LOL! I actually had.
Hung’s Twitter pic was a beautiful sunset. His entire feed, as far back as I went, had not a single picture of a human being, only nature—sta
rry skies, trees, flowers, and animals, wild and domesticated. There were many shots of a big yellow dog lounging on a sofa, a window seat, in front of a fireplace, and on a bed beside a pair of socked feet.
“Aha!” I said. “I bet those are Hung’s.” I typed: Judging by the size of these, I bet you live up to “Hung” just fine.
I backspaced sixty-eight spaces. After Ethan and the short thing, I was pretty gun-shy when it came to my wit, or lack thereof.
Even though my ancestry is rooted nowhere near Ireland, my birthday cakes had green frosting until I was old enough to bake my own, Hung wrote.
Stinks, huh? I sent back. I ate my cake off Christmas china and got birthday gifts wrapped in snowman paper. More often than not, after about age thirteen, I heard “One or two things under the tree can be for your birthday. You pick.” I hate my birthday! I’d needed to send three tweets for all that—due to the character limit—and then a fourth and a fifth, because I kept on complaining. I could never have a party on the right day. Who’s going to come to a birthday party on Christmas? That whole week—before or after, really? No one, that’s who. I’m an adult, and I still get a little pissed about it.
This Chinese guy born on the day of the Irish can sympathize.
At least you get a birthday every year. :p Ethan got back in on the discussion then. I’m still only six.
This is true. I smiled.
I guess the name thing could be worse too, Hung said. Our next door neighbors in Pine Brook were Wangs.
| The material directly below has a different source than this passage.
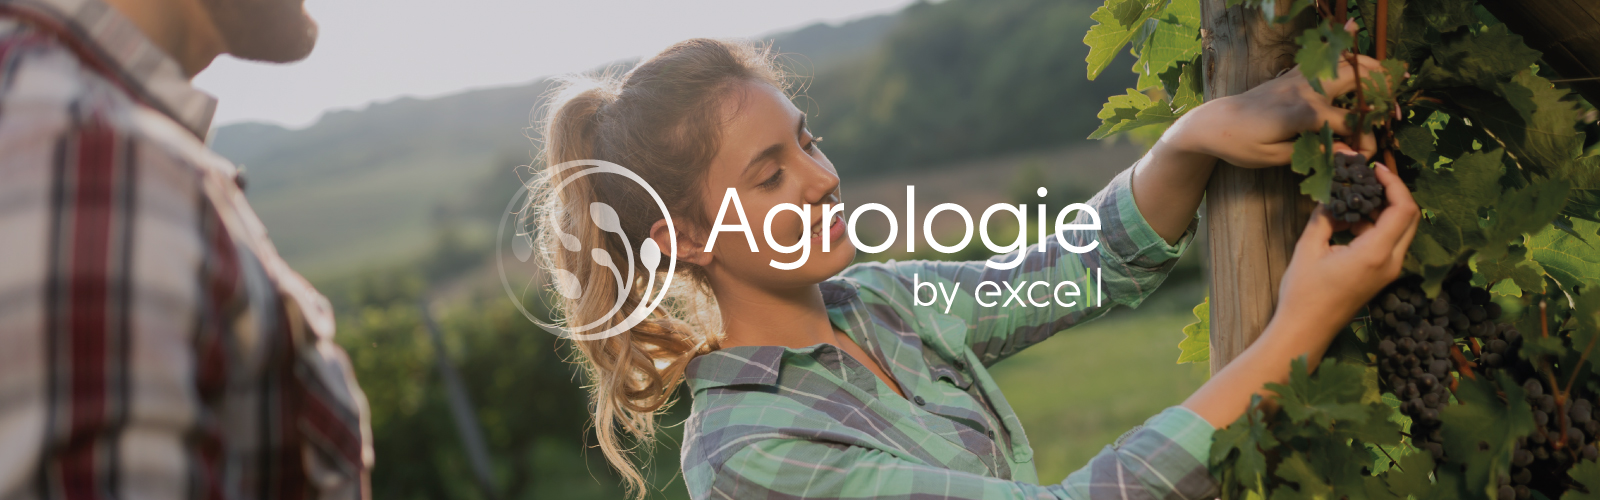 Agrologie
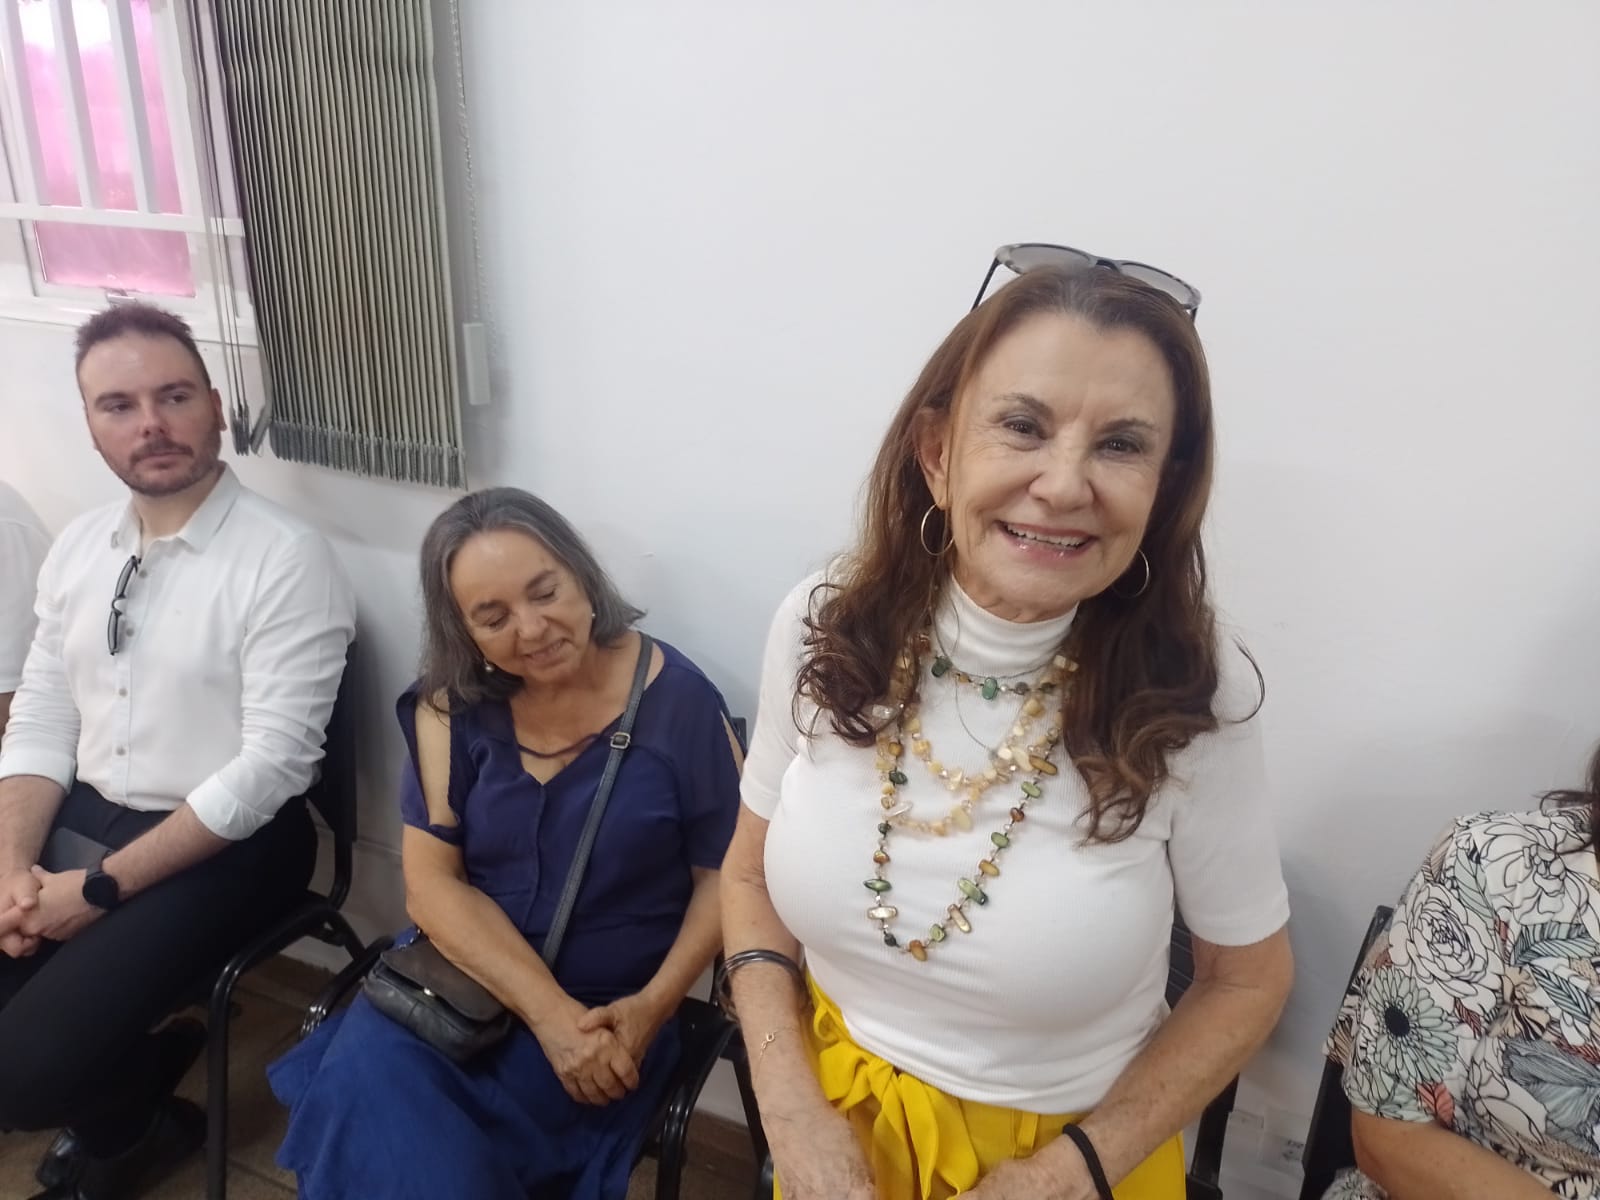 Renovação e paridade de gênero marcam diretoria eleita do Sinpro Campinas e Região

LMAO came from Ethan right away. It took me an extra half a second, then I laughed too, and kept on laughing through Hung’s next few tweets.
I’m glad I wasn’t born into that family and then named Hung. I’m a Liu, which still causes its fair share of problems, especially on the phone. The girl at the pizza take-out once blew a whistle in my ear when I said “This is Hung Liu, do you charge more for extra sausage?”
You’re funny. I was giggling like my three goddaughters when they watched Peppa Pig on Nick Jr.
True story. I never say “I’m Hung” anymore. “My name is Hung.” That’s how I word it now, and that helps a little.